# ASSIGNMENT:
Using the records below, transcribe word for word the stretch from the line that contains "to 7/16 MFL" through the line that contains "Affliction T-Shirt Congregation", both end lines included, and nothing else.

# RECORD EXCERPTS:
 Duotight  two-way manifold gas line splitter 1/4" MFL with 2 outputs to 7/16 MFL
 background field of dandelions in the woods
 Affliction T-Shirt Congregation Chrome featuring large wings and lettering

...

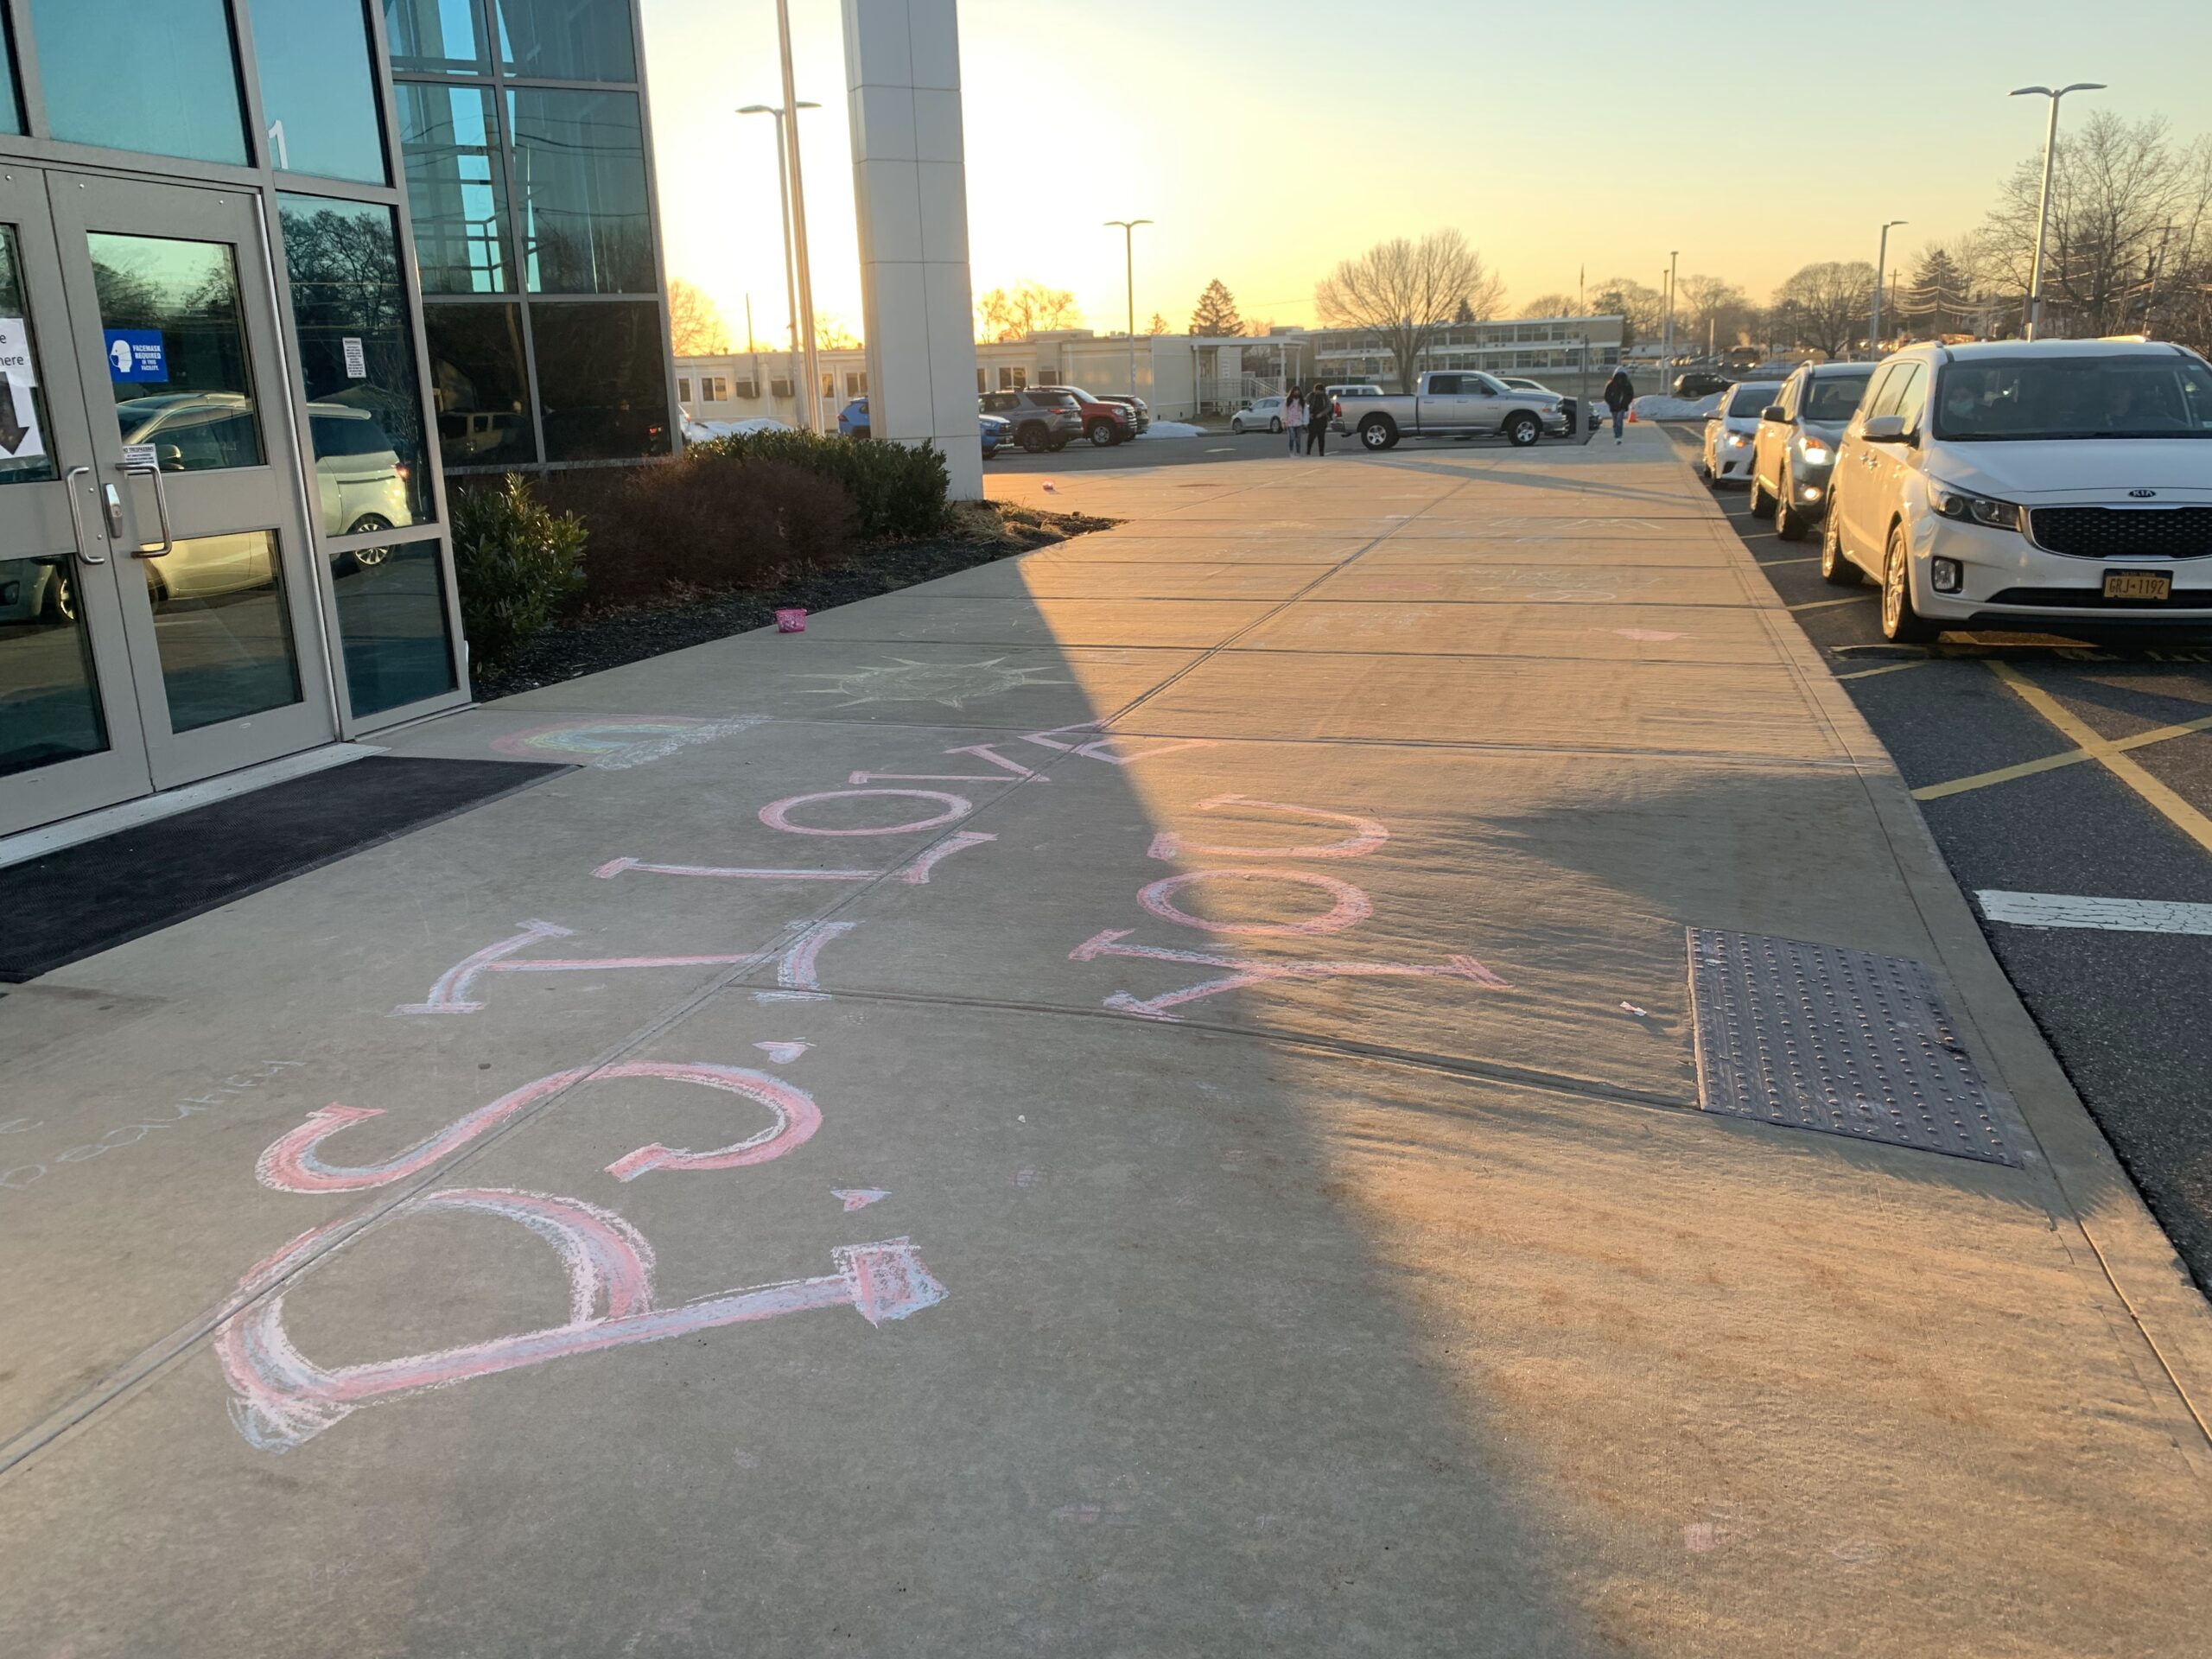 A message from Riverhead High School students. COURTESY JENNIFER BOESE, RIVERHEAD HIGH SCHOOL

# RESPONSE TO THIS EXERCISE:
 Duotight  two-way manifold gas line splitter 1/4" MFL with 2 outputs to 7/16 MFL
 background field of dandelions in the woods
 Affliction T-Shirt Congregation Chrome featuring large wings and lettering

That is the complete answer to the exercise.